LAS SEÑALES EN EL CAMINO QUE
NOS LLEVAN A SER UN DEUDOR COMPULSIVO
1. No tener clara
su situación financiera. No conocer el balance de sus cuentas, gastos
mensuales, la tasa de interés mensual de sus préstamos, cargos, o las
obligaciones contractuales.
2. Frecuentemente
“olvidarse” cosas como libros, lapiceras o pequeñas cantidades de dinero
prestadas por amigos o por otros, y no devolverlas.
3. Pobre hábito de
ahorro. No planificar el pago de Impuestos, planes de Retiro u otros gastos no
recurrentes, pero predecibles. Después sorprenderse cuando llegan a convertirse
en una deuda; una actitud de “vivir el hoy, no importa el mañana”.
4. Compras
compulsivas: imposible dejar pasar una “buena oferta”; hacer gastos
compulsivos; dejar etiquetas en la ropa para poder devolverlas; no usar las
cosas que ha comprado.
5. Dificultad en
cumplir operaciones financieras básicas u obligaciones personales, y/o un sentido
desproporcionado de logro cuando dichas obligaciones se cumplen.
6. Tener un
sentimiento diferente al comprar cosas con
crédito, que al pagar con efectivo, un sentimiento de estar en un club,
de ser aceptado, de ser una persona adulta.
7. Vivir en un caos
y drama alrededor del dinero: usar una tarjeta de crédito para pagar otra;
cheques voladores; siempre enfrentando una crisis financiera.

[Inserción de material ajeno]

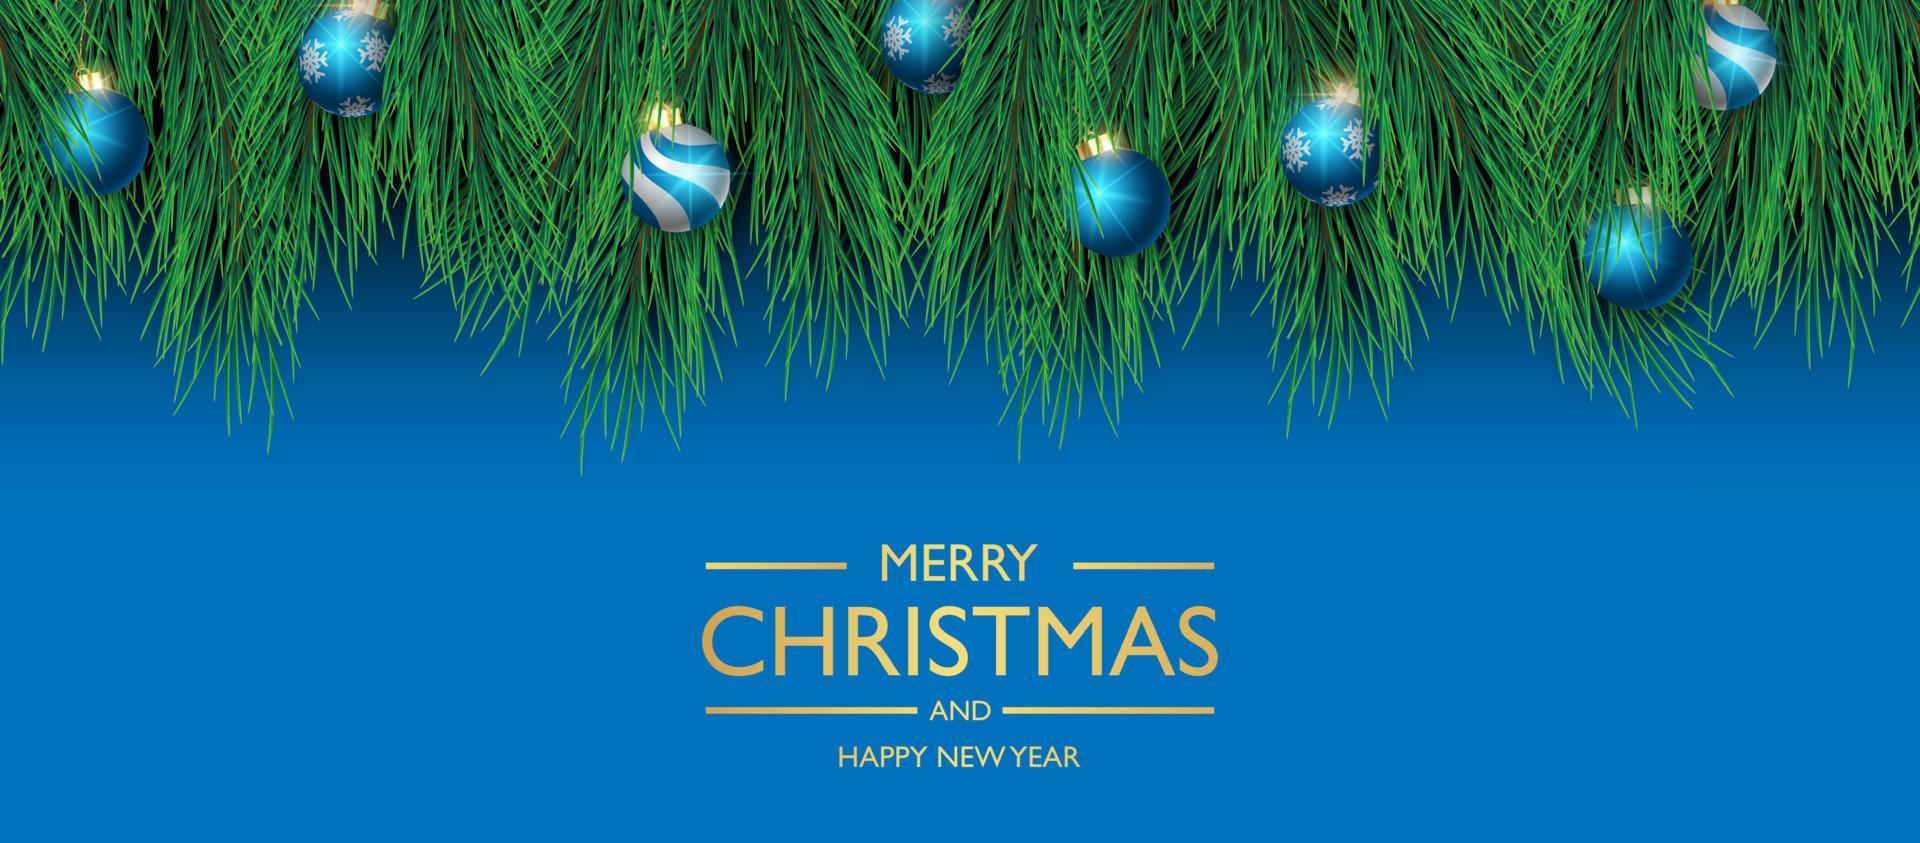 ontwerp van de achtergrond van de banner van Kerstmis op blauwe achtergrond, Kerstmis dekking achtergrond naadloze patroon, wenskaart, vectorillustratie vector
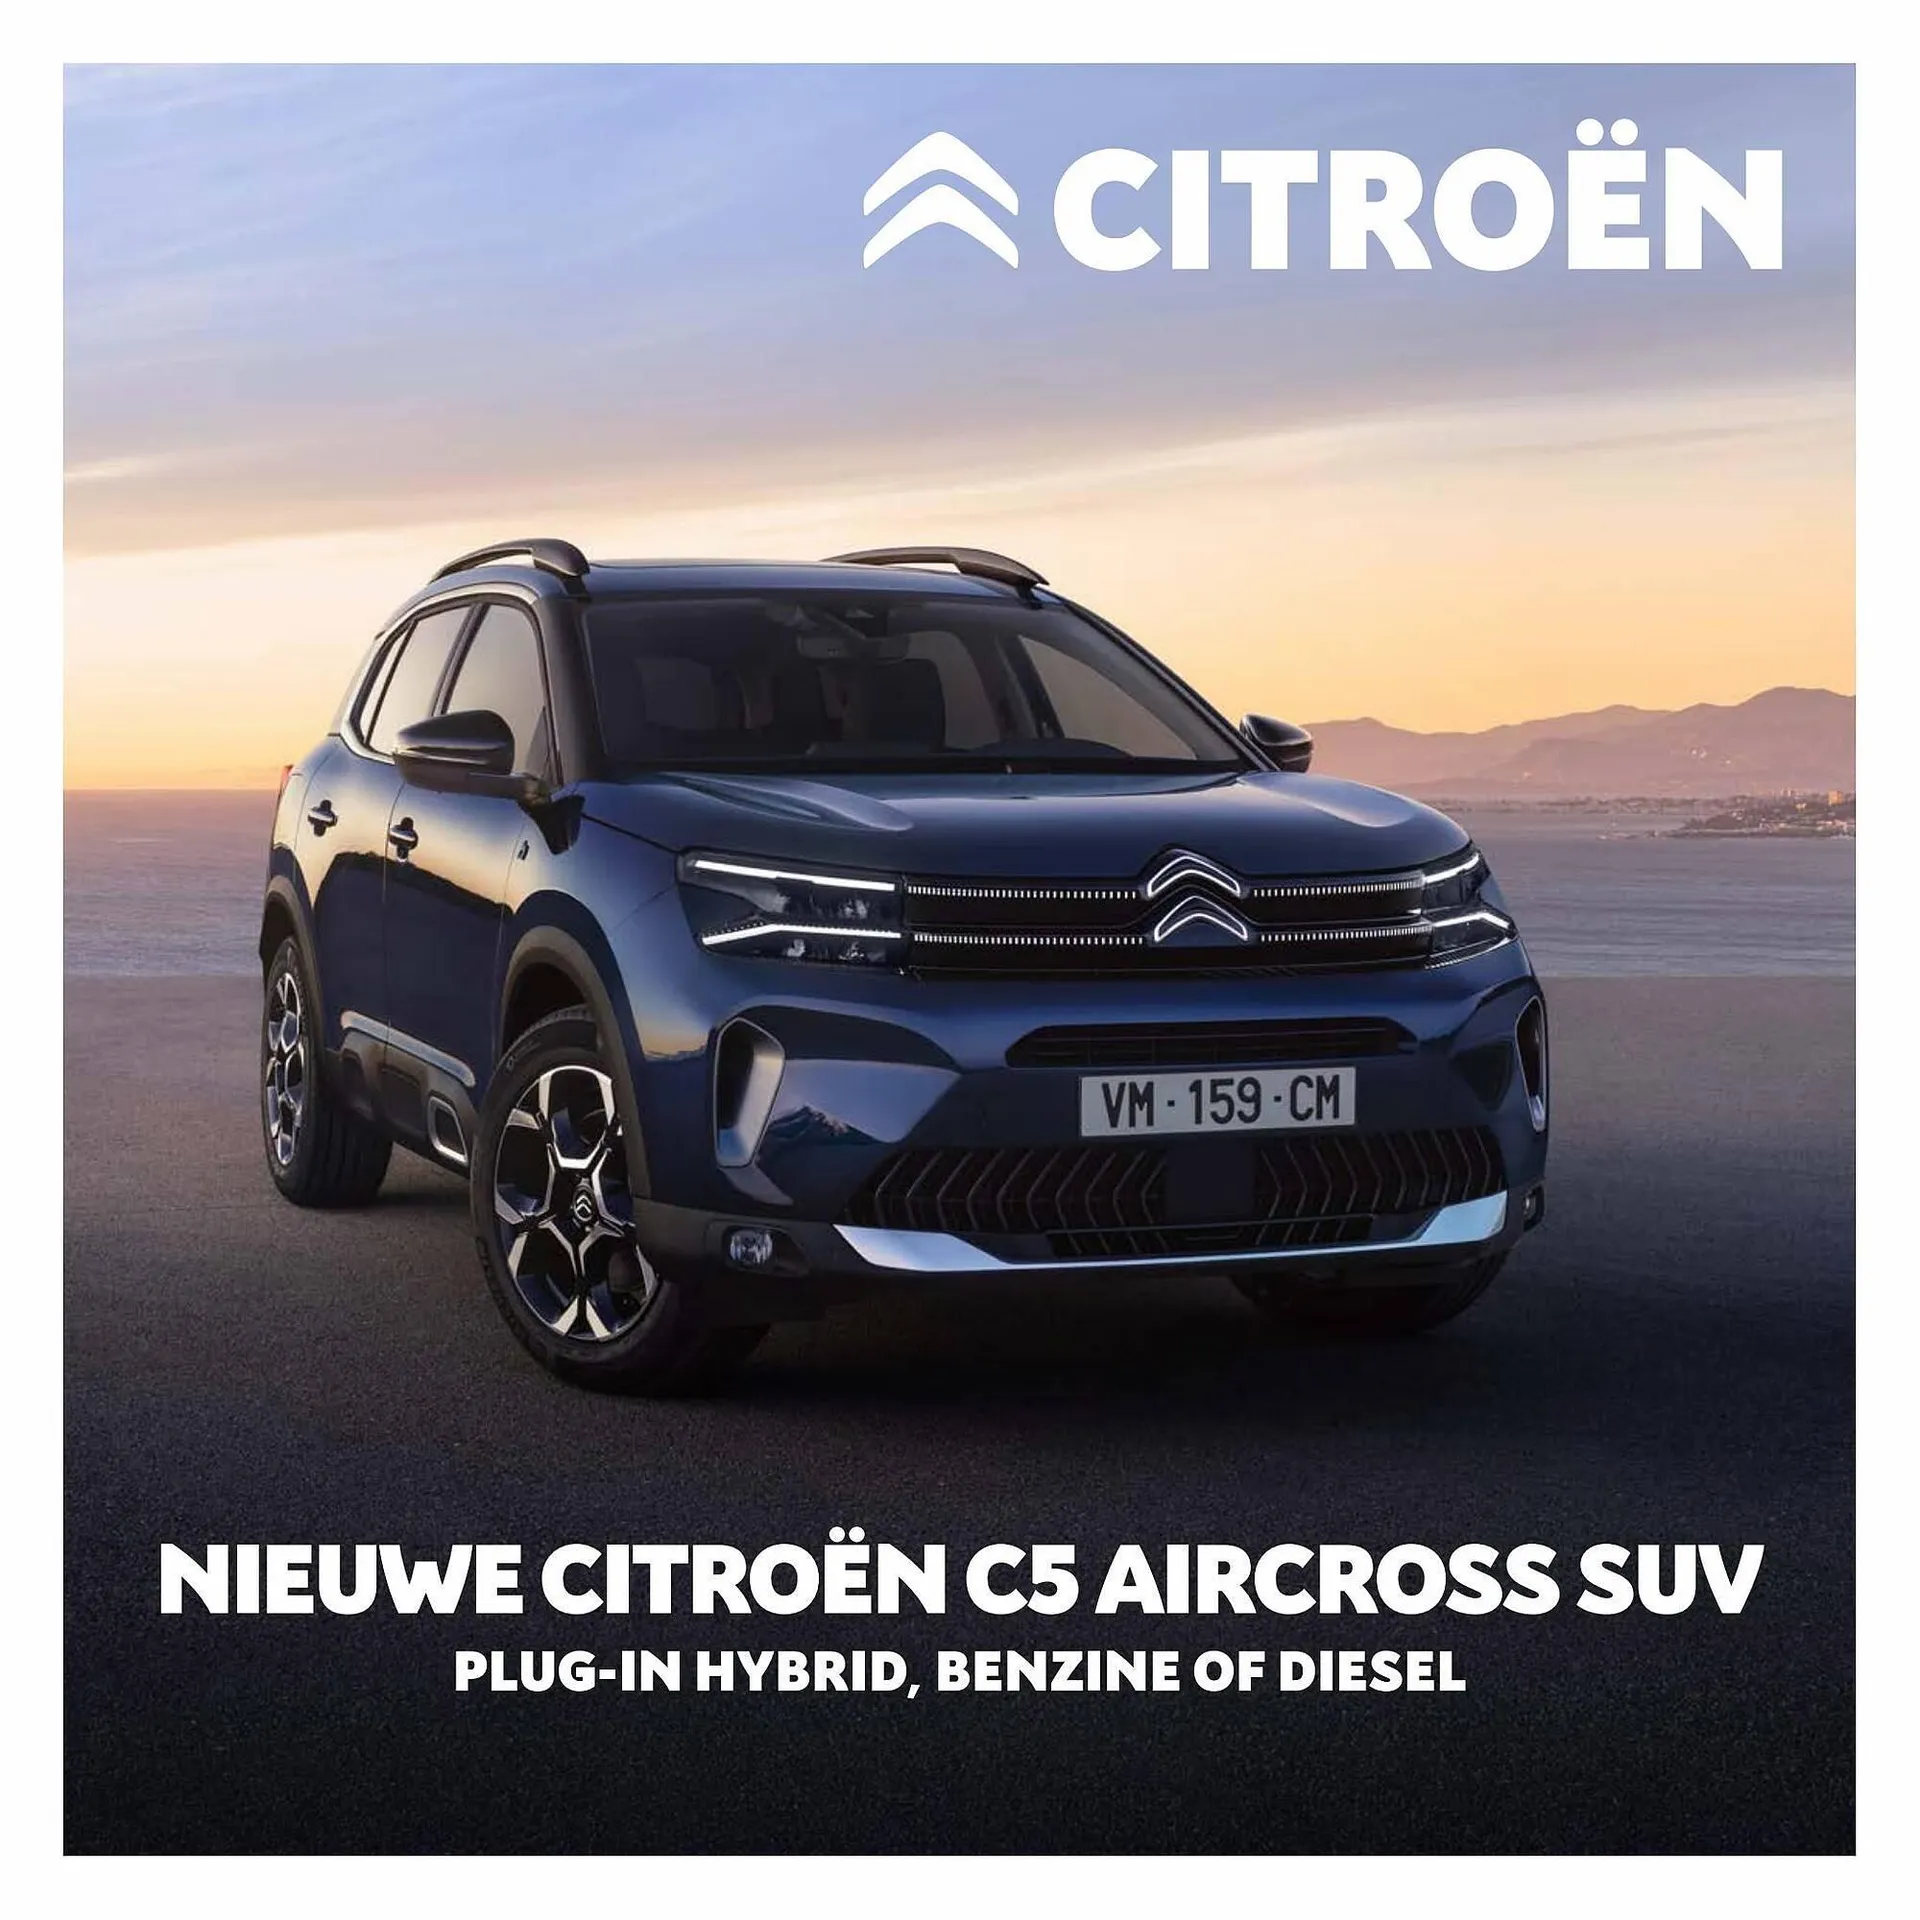 Citroën folder

8. Tendencia a vivir en el filo: viviendo entre
un cobro y otro; tomando riesgos con la salud y la cobertura del seguro del
auto; emitiendo cheques y esperando que aparezca el dinero para cubrirlos.
9. Sentirse molesto e inhibido –injustificadamente- cuando se está
teniendo una conversación normal sobre dinero.
10. Sobre-trabajo
y sub-ganancias: trabajar horas extras para ganar
dinero a fin de pagar a los acreedores; uso ineficiente
del tiempo; tomar trabajos por debajo de su perfil y nivel de educación.
11. Dejadez para cuidar y
valorarse a sí mismo: viviendo en una privación auto-impuesta;
negándose sus necesidades básicas, a fin de pagar a sus acreedores.
12. Sentimiento de
esperanza que alguien va a encargarse de UD., si fuese necesario, entonces UD.
saldrá de sus problemas financieros, que
siempre habrá alguien a quien recurrir.